Are there any plans to release an Android version of the Army.ca apps currently available for the iPhone?


----------



## Emilio (16 Oct 2013)

I hope so!!!!

The British ARRSE forum has.


----------



## PuckChaser (16 Oct 2013)

I tried to code it overseas, and was unable to learn how to code Android stuff. Someone would have to port it over.


----------



## marinemech (27 Nov 2013)

use tapatalk on android


----------



## mrjasonc (27 Nov 2013)

marinemech said:
			
		

> use tapatalk on android



The above mentioned is what I have been using on my Google Nexus 4 (Android 4.4)


----------



## Mike Bobbitt (18 Dec 2013)

Aqua Canuck said:
			
		

> Are there any plans to release an Android version of the Army.ca apps currently available for the iPhone?

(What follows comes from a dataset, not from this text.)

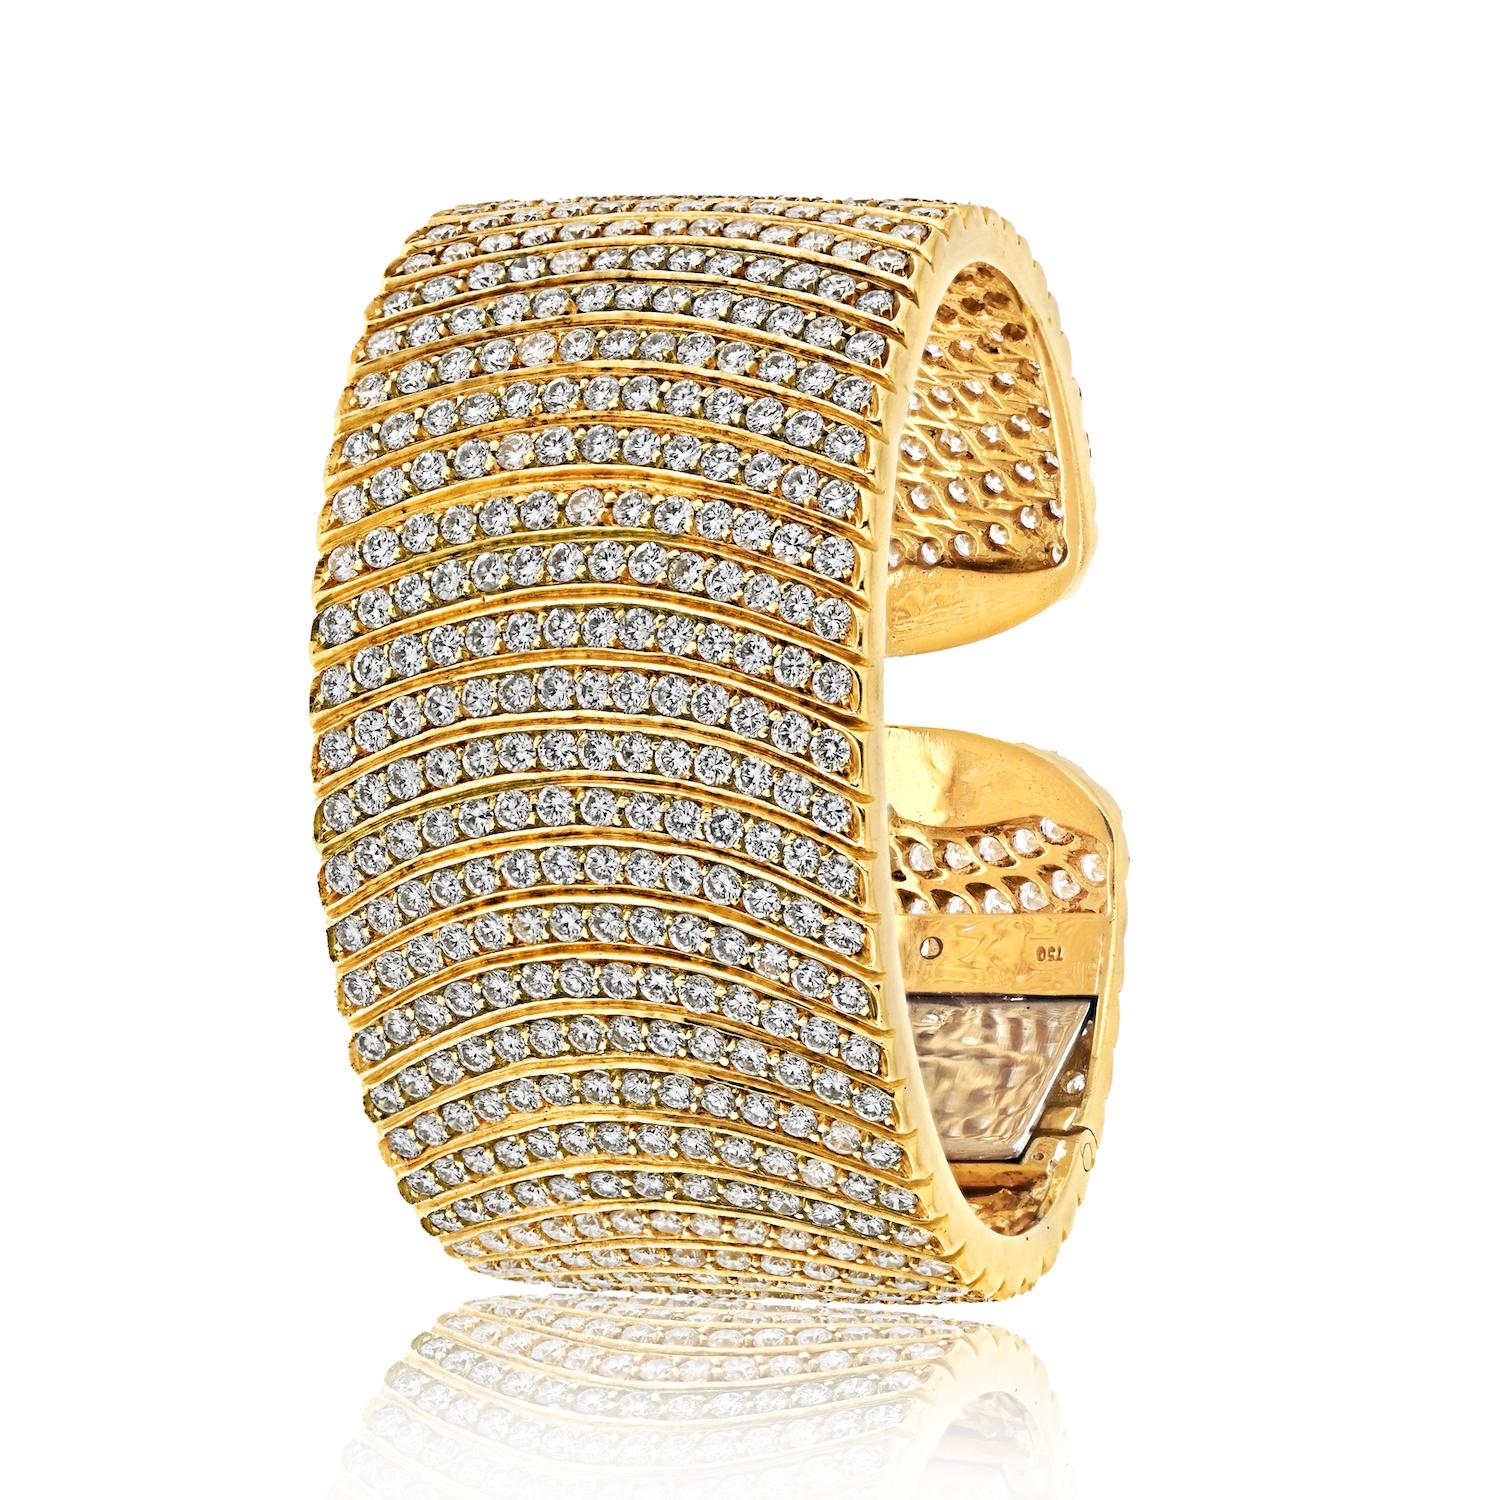 Indulge in the splendor of this exquisite diamond cuff bracelet, meticulously crafted in 18k yellow gold and adorned with an opulent array of round brilliant cut diamonds totaling an impressive 32 carats. As you unveil this breathtaking piece,

Plans yes, but execution has been lacking. 

So far I haven't progressed beyond the "plans" stage so I would say if the apps are ported, it would not be in the short or medium term. Probably 12+ months unfortunately, and the way my schedule has been, I'll probably be saying near the same thing this time next year. 


Cheers
Mike


----------



## aenagy (6 Mar 2014)

I was about to ask about the Android version of Battle Pro when I found this thread. Is there anything the community can do to move this along? I wasn't planning on becoming an Android coder/developer, but if this can be broken up into parts then many hands can make for less work.


----------



## Mike Bobbitt (6 Mar 2014)

It's the world's oldest problem, no time and no money to allocate to the project. I wish I could say I've made progress on the Android stuff but it still stands firmly on the "To Investigate" list.


----------